## DATA EXTRACT
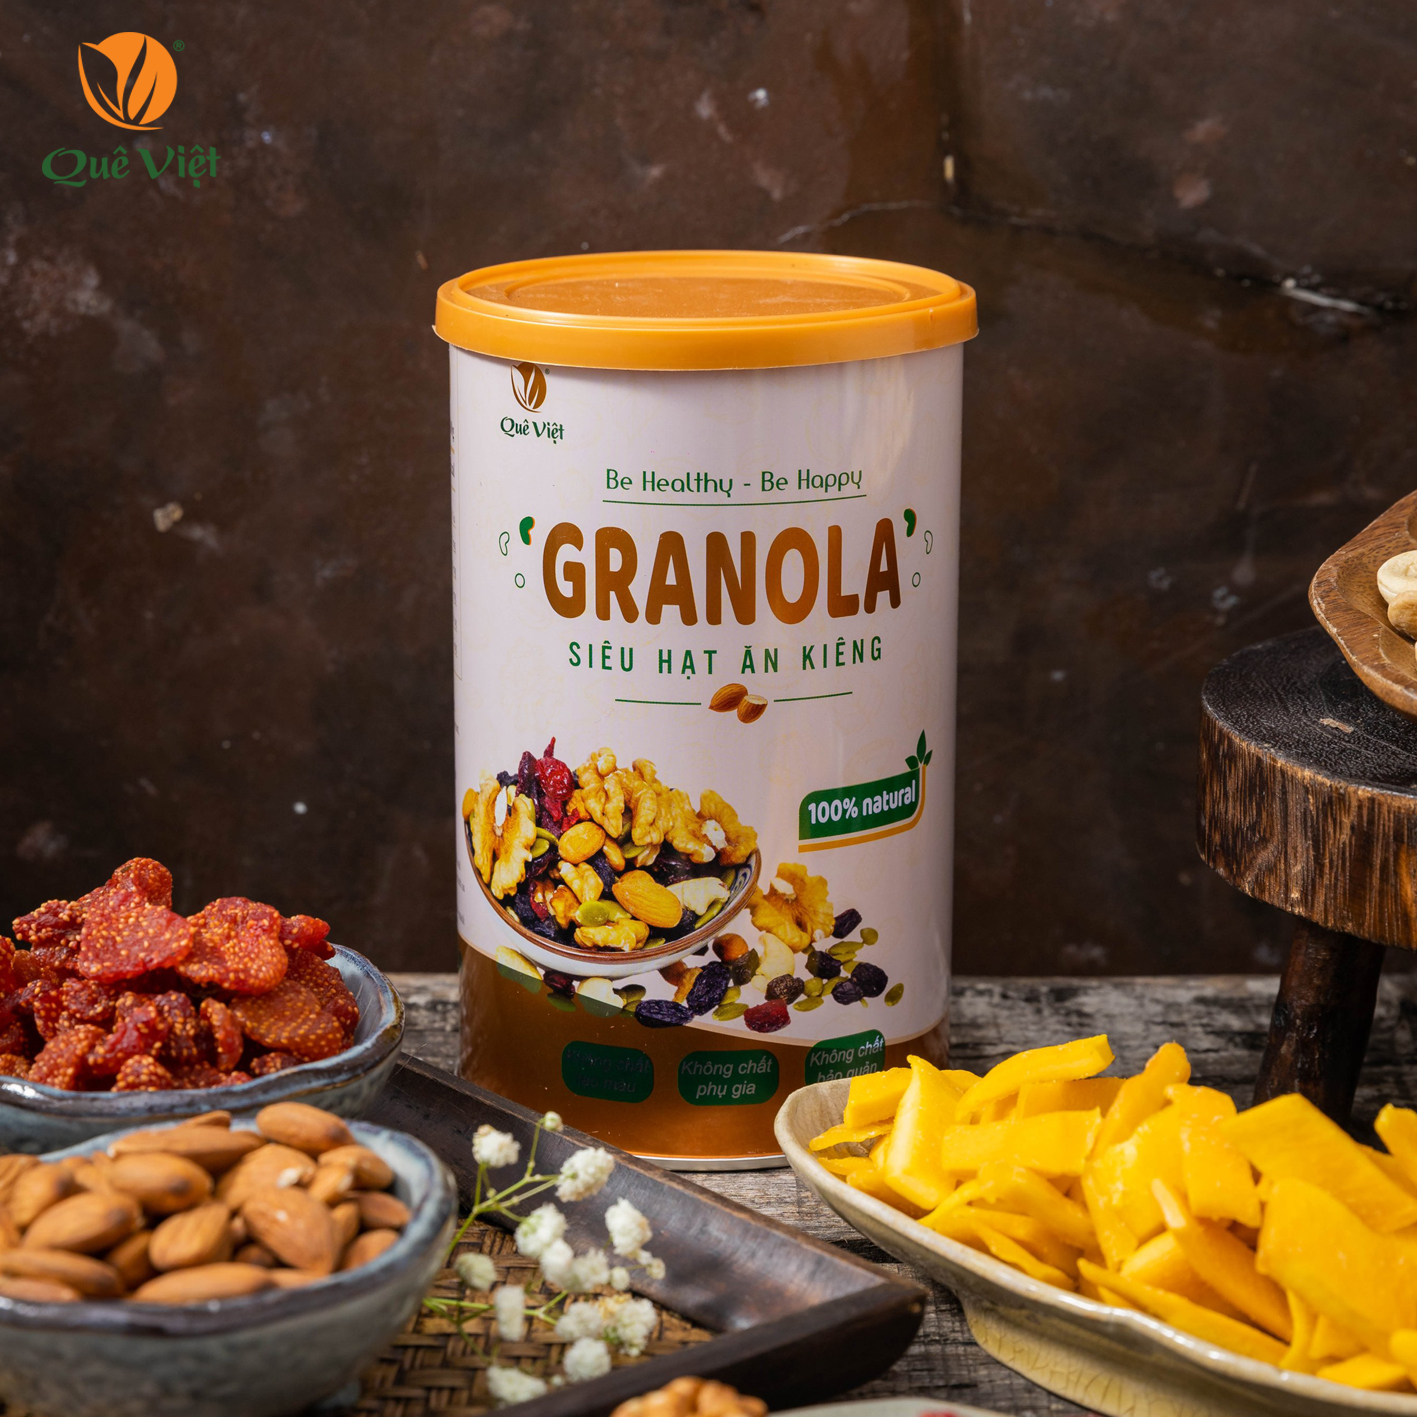 Combo 2 hộp Granola ngũ cốc siêu hạt Quê Việt + tặng 1 cốc gốm sứ bát tràng (500g/hộp)
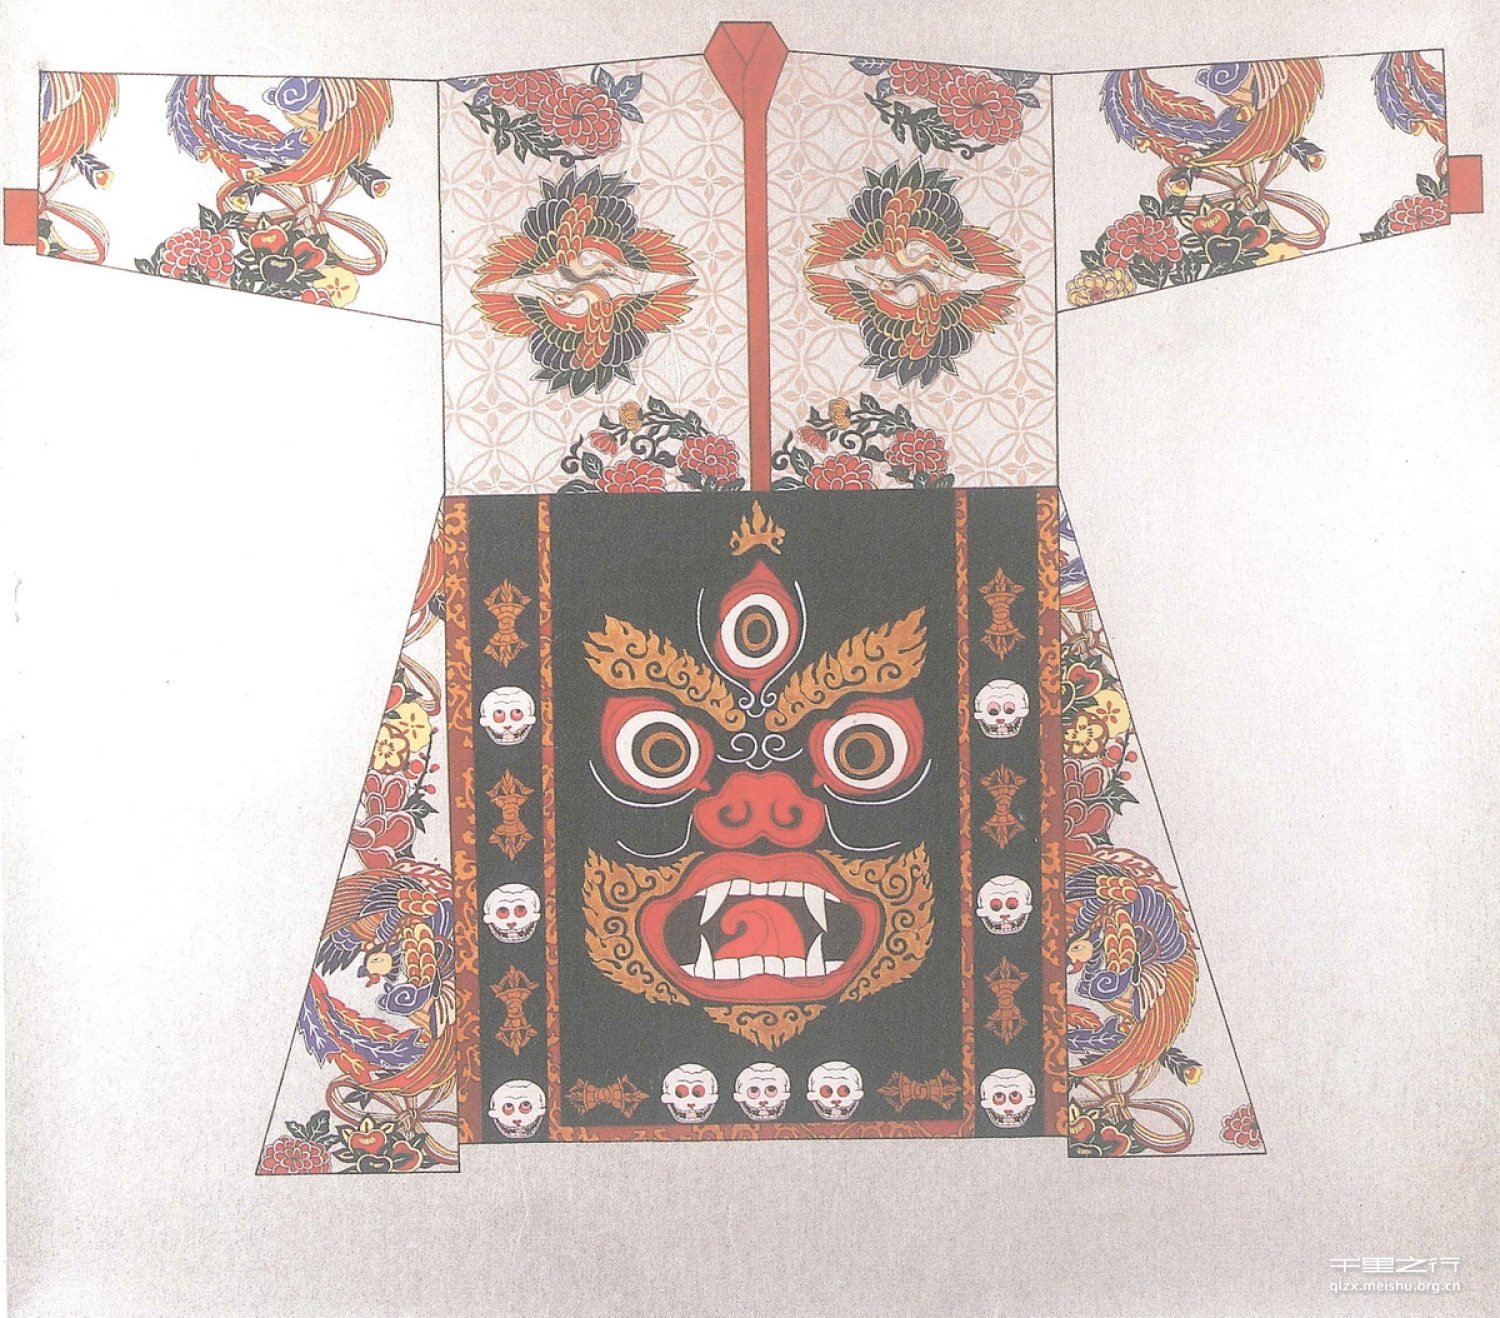 藏传佛教唐卡艺术研究与表现艺术鉴藏传统线性表现、重彩
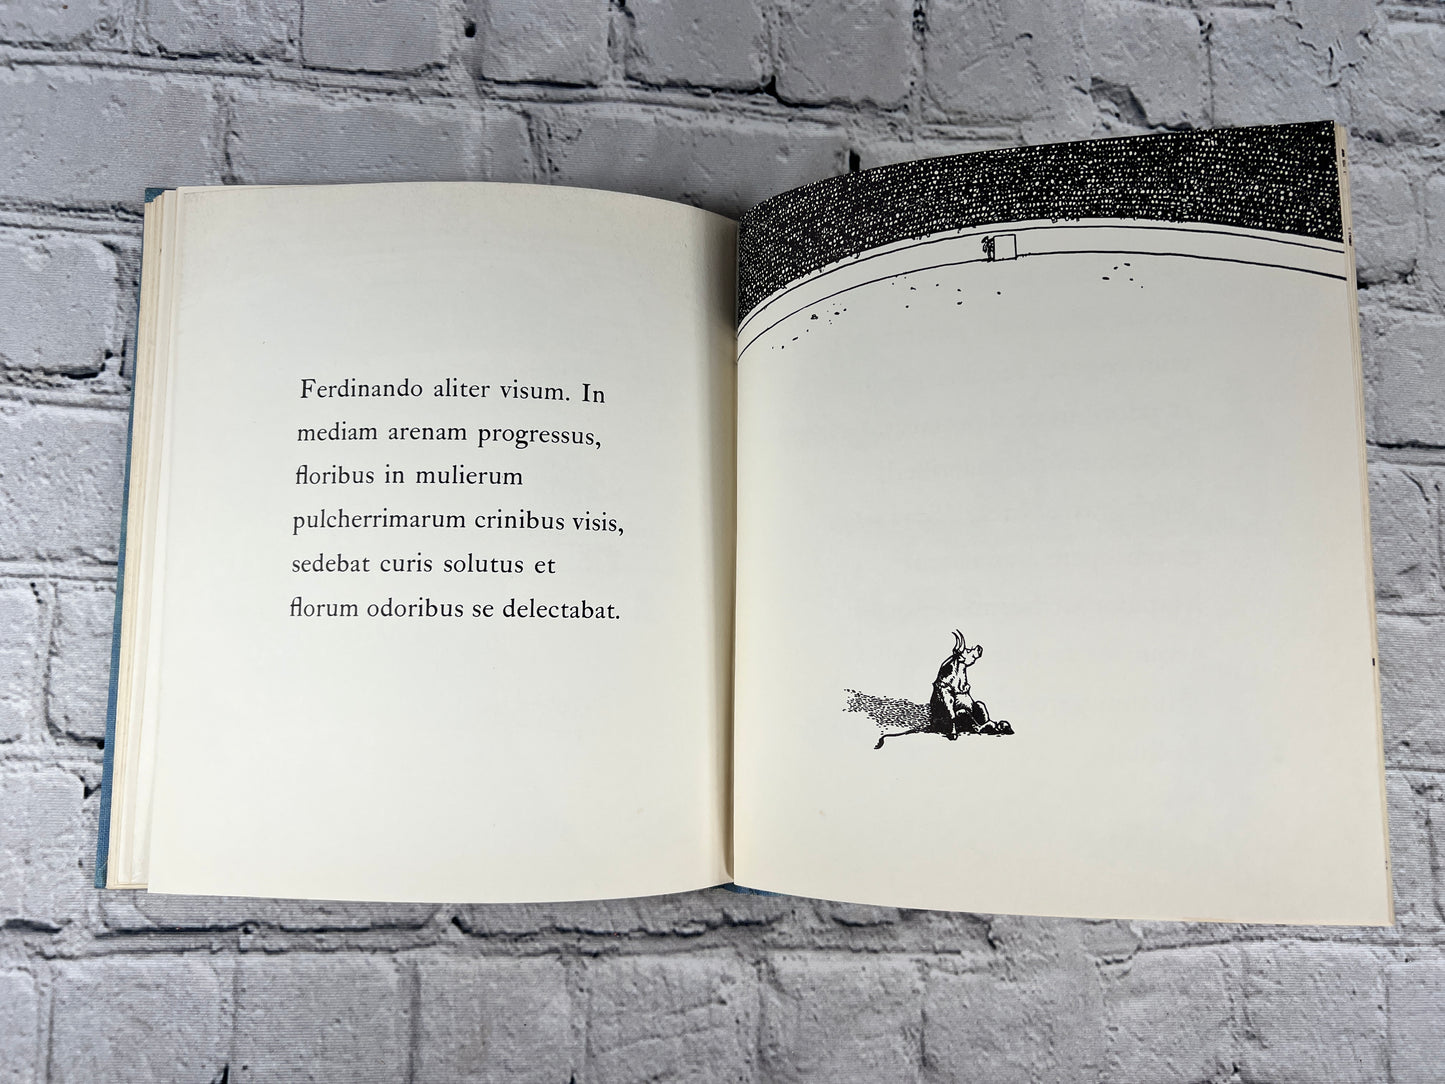 Ferdinandus Taurus The Story of Ferninand by Munro Leaf [1962 · Latin Language]
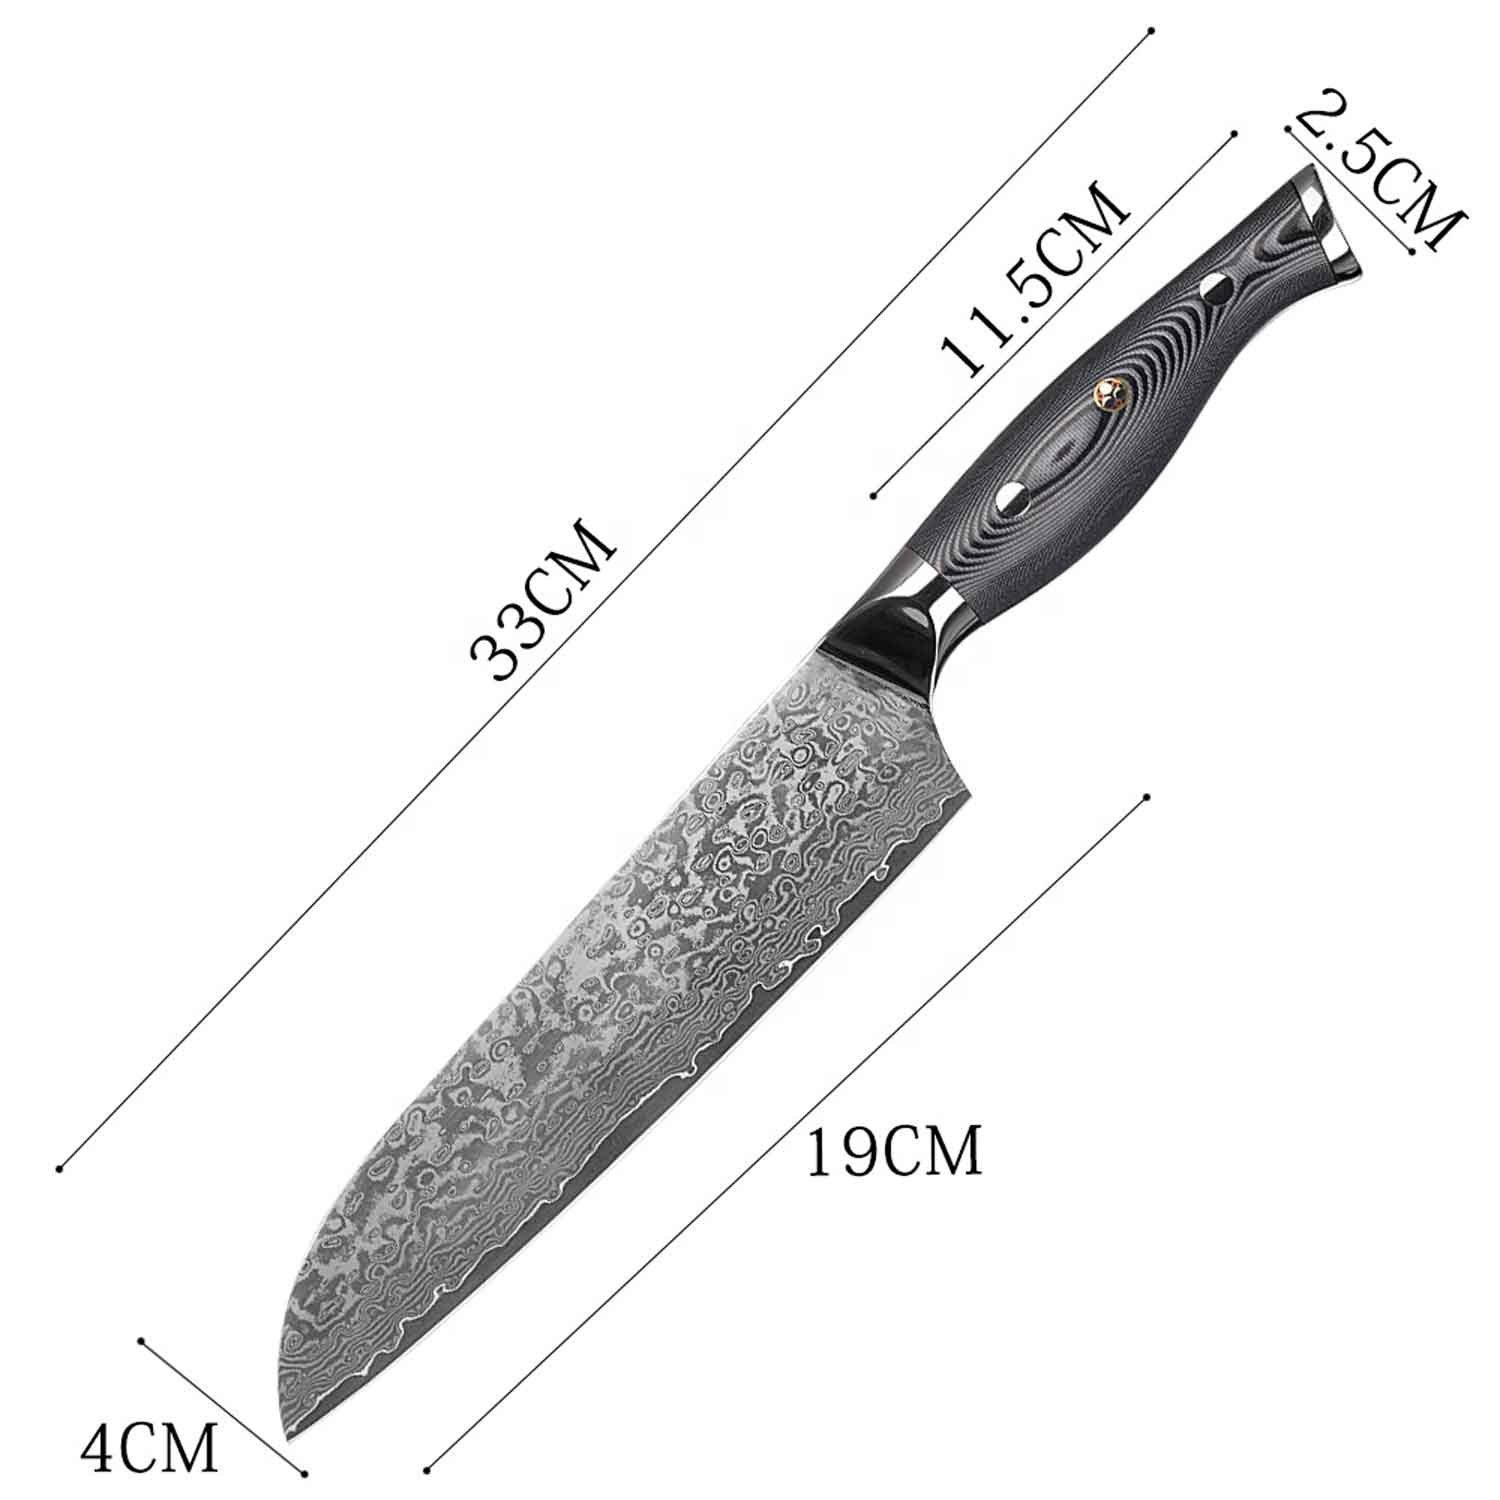 Damastmesser Santokumesser Muxel Carbon Kochmesser Damast-Klinge Küchenmesser Messer

## EXERCISE
Repeat the listing verbatim. Skip the pictures.

## ANSWER SPACE
 Combo 2 hộp Granola ngũ cốc siêu hạt Quê Việt + tặng 1 cốc gốm sứ bát tràng (500g/hộp)
 藏传佛教唐卡艺术研究与表现艺术鉴藏传统线性表现、重彩
 Ferdinandus Taurus The Story of Ferninand by Munro Leaf [1962 · Latin Language]
 Damastmesser Santokumesser Muxel Carbon Kochmesser Damast-Klinge Küchenmesser Messer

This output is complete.